Summary. It's a unique approach to overcome current limitations of combination systemic checkpoint inhibitors specifically. Prostate cancer is historically a cold immune tumor and avoids the toxicity. It's minimally invasive routine outpatient procedure that can be performed by urologists or interventional radiologists. Excellent safety profile to date, only two grade three AEs, urinary retention and pre-existing spinal cord compression.
And we hate to get too excited, but there was some very impressive phase one data with over 85% objective response rate, 53% complete response rate, and a 33% partial response rate. So, the take-home message here is that SYNC-T therapy, SV-101, is a promising novel in situ therapy, employing a procedure that integrates seamlessly into standard urologic practice, that has demonstrated the potential to effectively combine multiple immunotherapies while avoiding major systemic autoimmune side effects in patients with mCRPC.

The trial is enrolling, we are still looking for trial sites. Please email us below if you're interested, or go online, or you can use the QR code on your screen to get more information.

Zachary Klaassen: So Jason, absolutely you're right. We saw this data presented at ASCO 2025, an oral presentation, and really impressive results. I think you nailed it, when you see 87% objective response rate, again, 15 patients, but this is something where we're now seeing urologists continuing to move through the advanced prostate cancer space.

Just a couple of quick follow-up questions. I know one thing I want to point out too, FDA designated breakthrough therapy as well, so this helps move things along quickly. Can you tell us, just in your experience already, is this something where majority you're targeting the prostate? How many soft tissues so far? What's the breakdown? I know you mentioned the multi-collaborative aspect with interventional radiology and med-onc as well.

Jason Hafron: Yeah, it just depends on the history. If they have an intact prostate, the researchers or the sponsor's telling us to use it as much as possible. So, they really want the prostate to be used. And most of the study was ex-US and most of these patients had surgical resection. The US we're going to see a lot of radiation, more radiation failures. So, they want us to hit the prostate, and we can hit the prostate as long as there's active tumor. So, four-ish times you want to go to the prostate, look for the systemic response and then move on to soft tissue if it's still there.

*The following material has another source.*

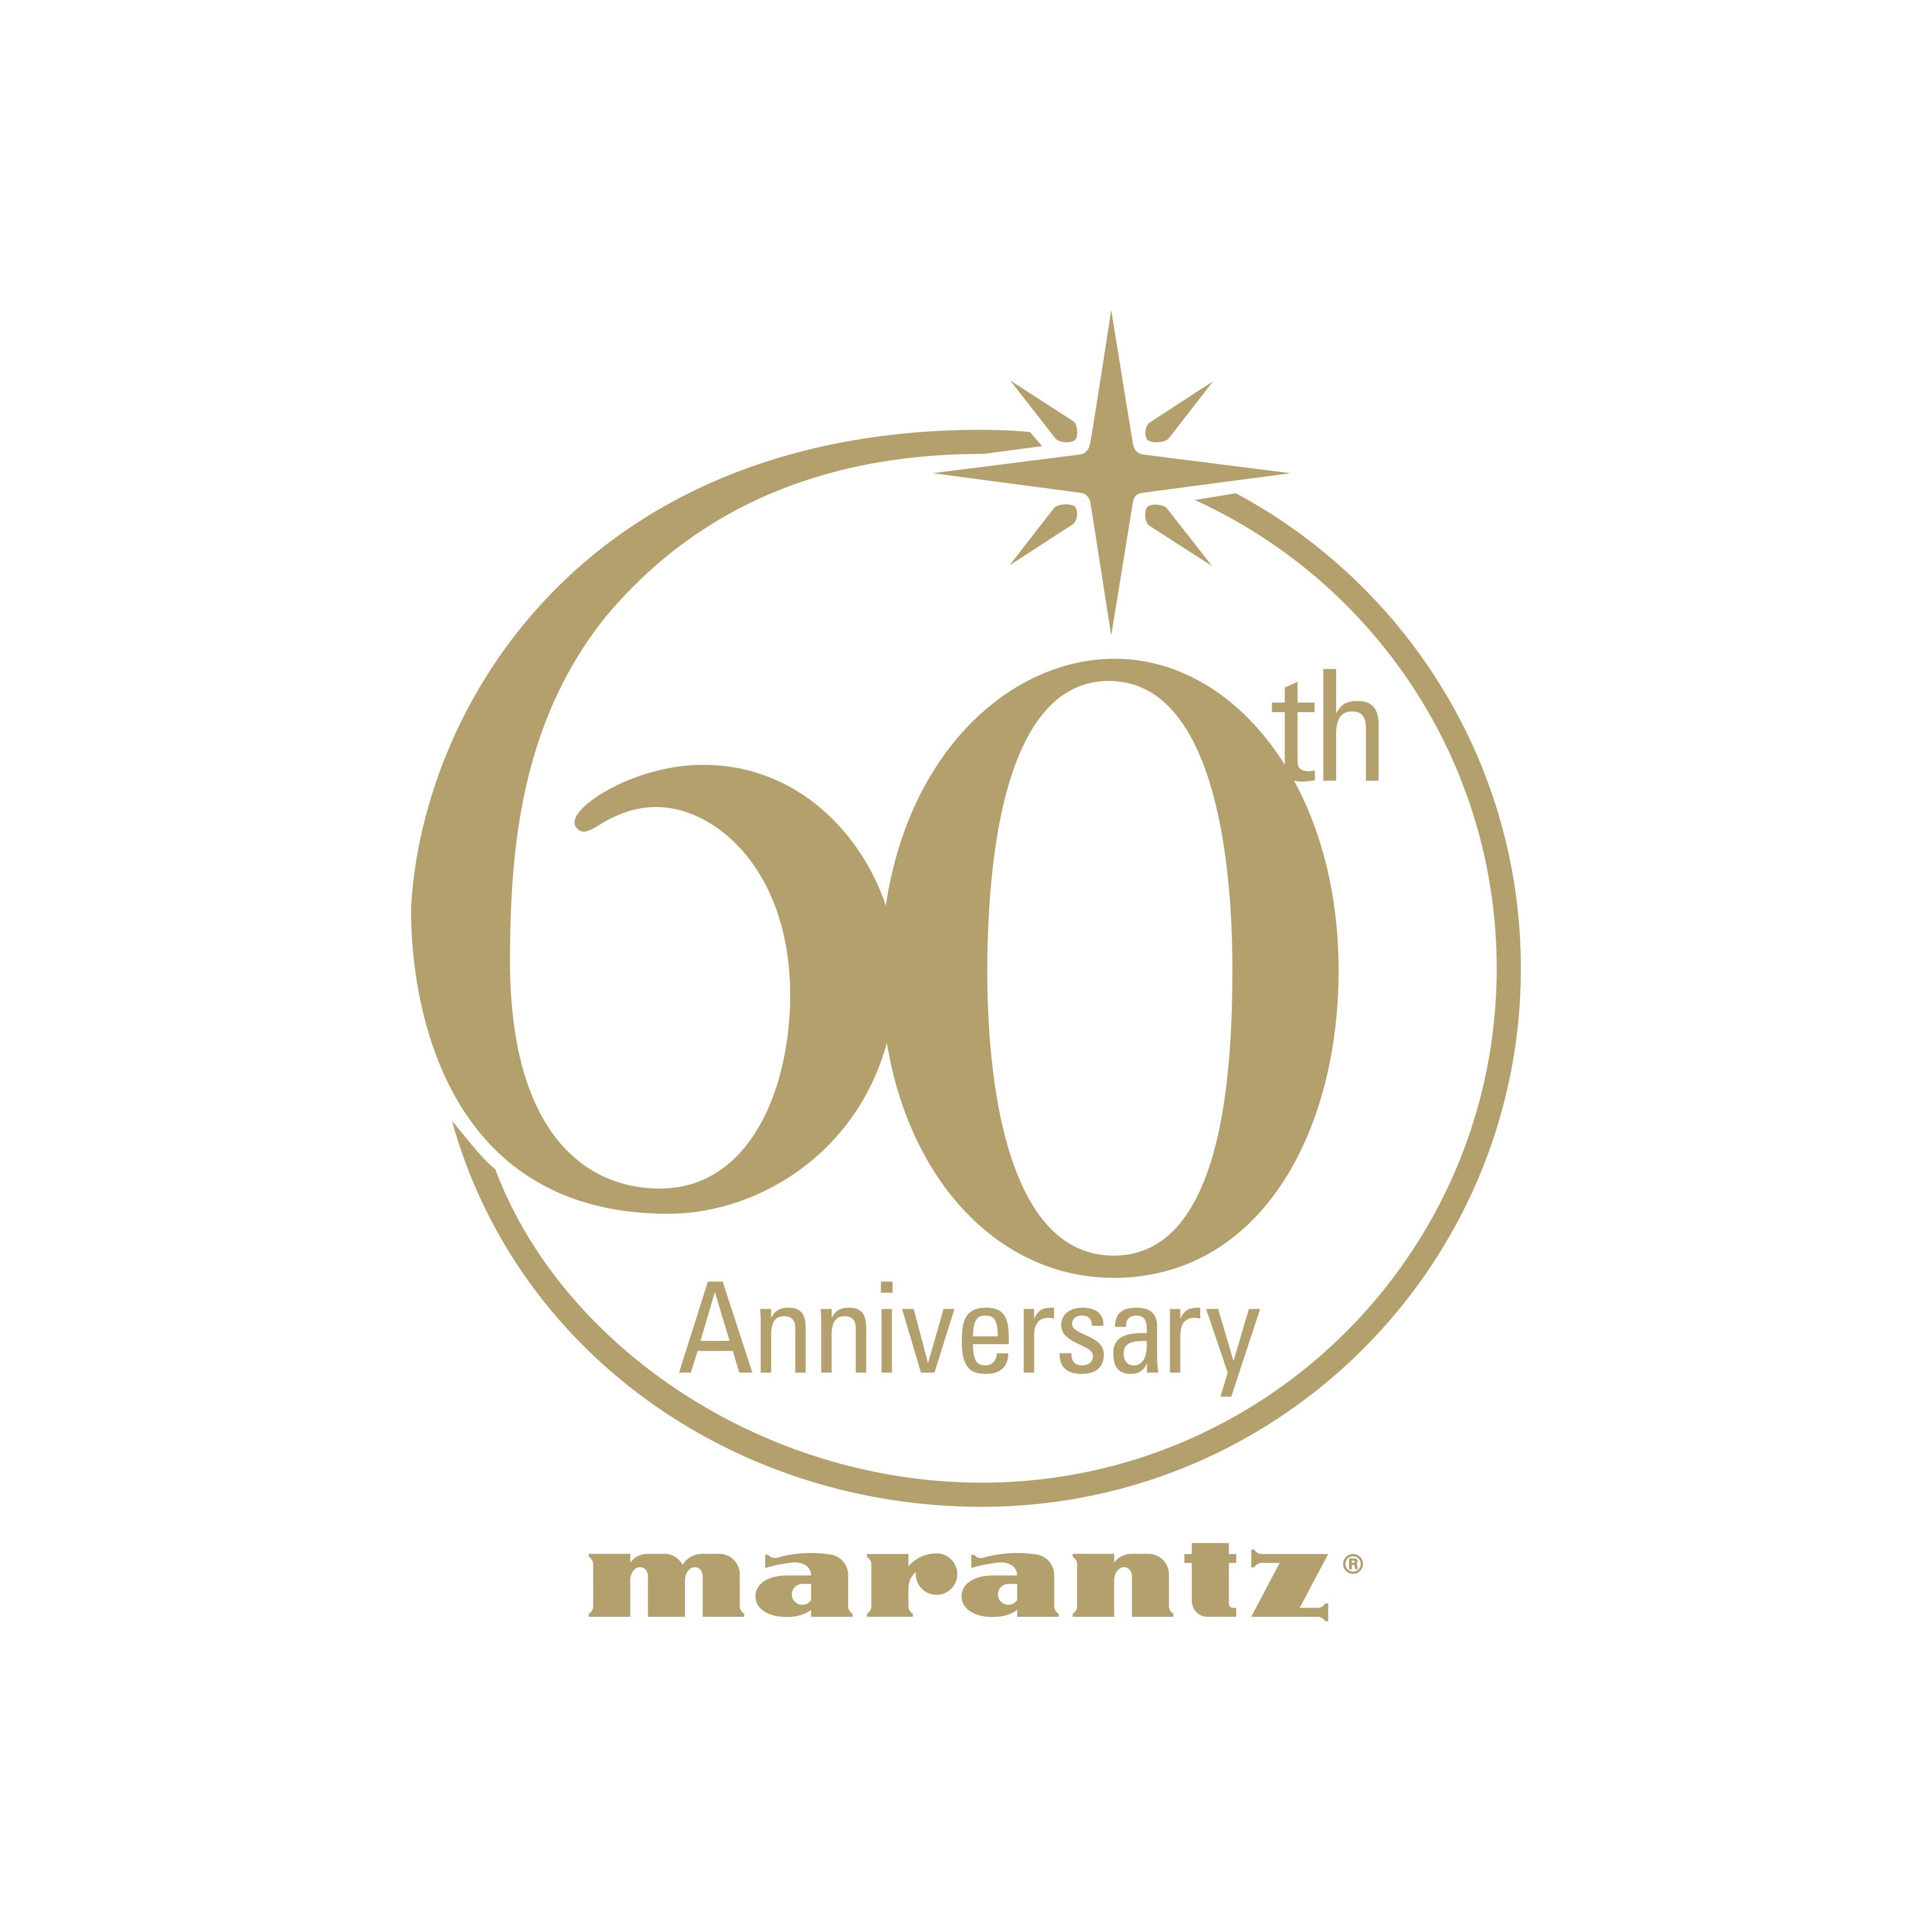 Marantz Consolette60th Docx

Zachary Klaassen: Okay, perfect. And in terms of just the workflow you mentioned, urologist being involved, are you doing this in your ASC operating room? How are you doing the procedure itself?

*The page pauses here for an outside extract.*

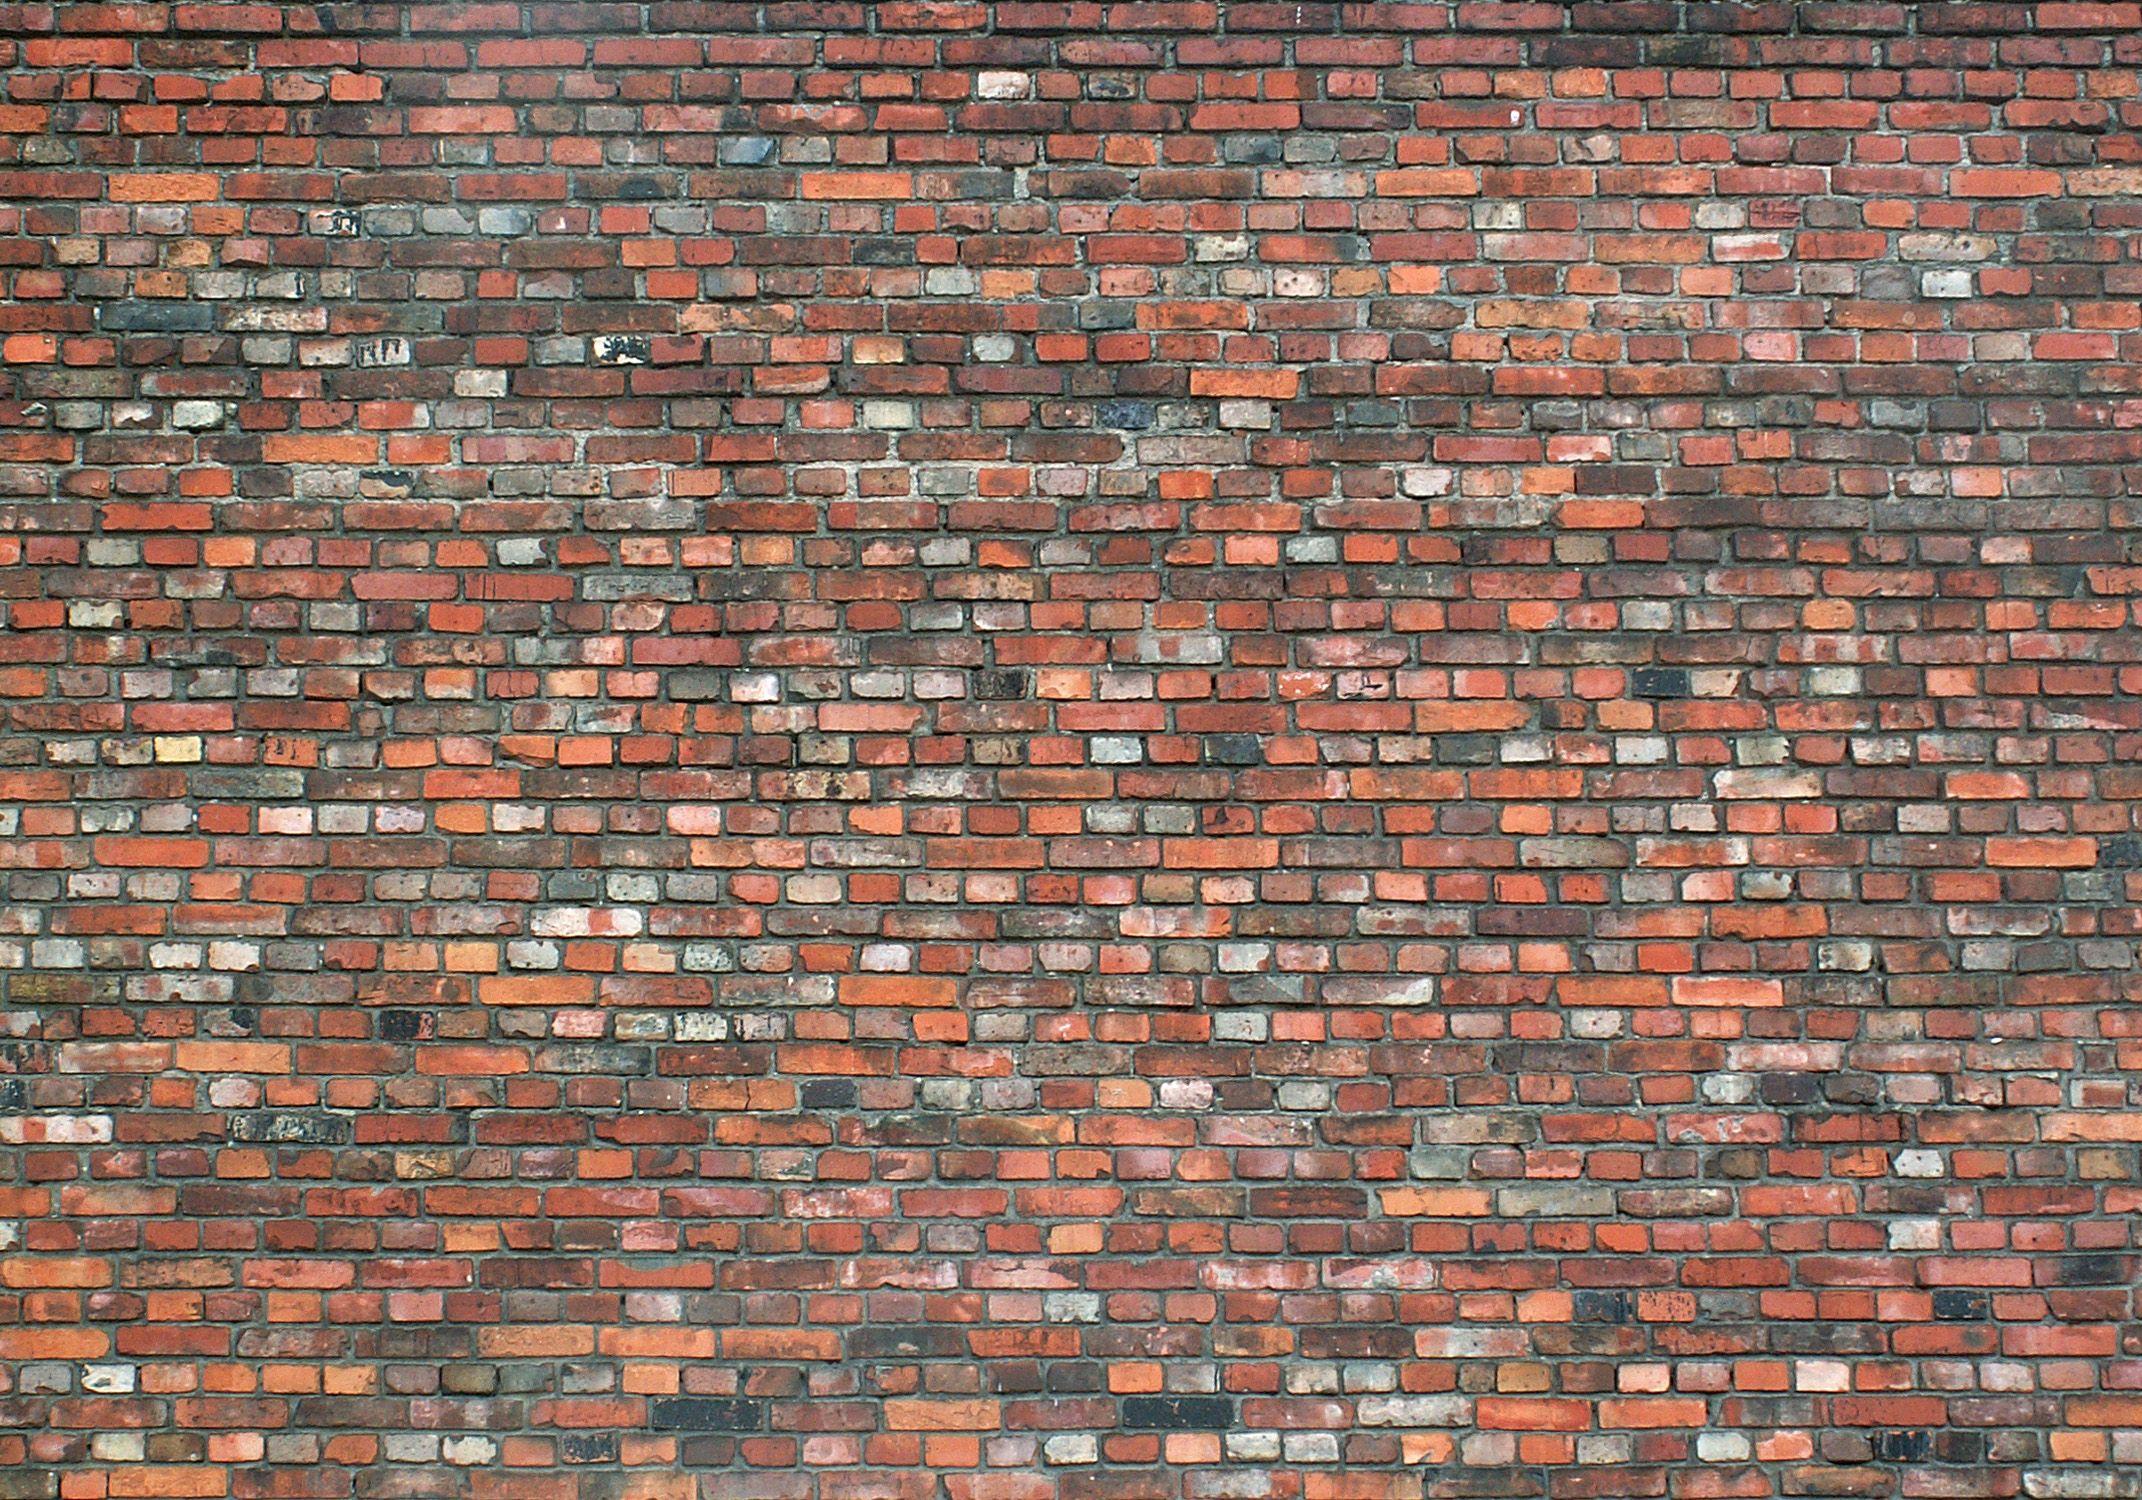 Brick Wall Texture, Photo, Image, Bricks, Brick Masonry, Bricks

Jason Hafron: We do it in our ASC.

Zachary Klaassen: Yeah.

Jason Hafron: There was significant concern delivering this cocktail afterwards and monitoring, even within the confines of a phase one trial. But these patients have done, knock on wood, remarkably well. Because of the trial we had to monitor them, but we monitor them for an extended period and then send them home. But really the monitoring, if you were doing this clinically at this point, I would monitor them like a normal outpatient procedure and send them home, warning them you might get fevers and chills, but that's normal, that's good in a sense.

So, it works well to the urology workflow that it doesn't have to be this elaborate procedure that requires monitoring or this crazy immune reaction that's going to happen that a urologist, or can't be managed as an outpatient.

Zachary Klaassen: Yeah, no. Wonderful. Great presentation. Thanks for joining us. I'm glad you provided that QR code in the email, so if people want to get involved, they can reach out to the site and use those links to do that. So, thank you for joining us on UroToday, Jason.

Jason Hafron: Yeah, my pleasure. Always great to be here.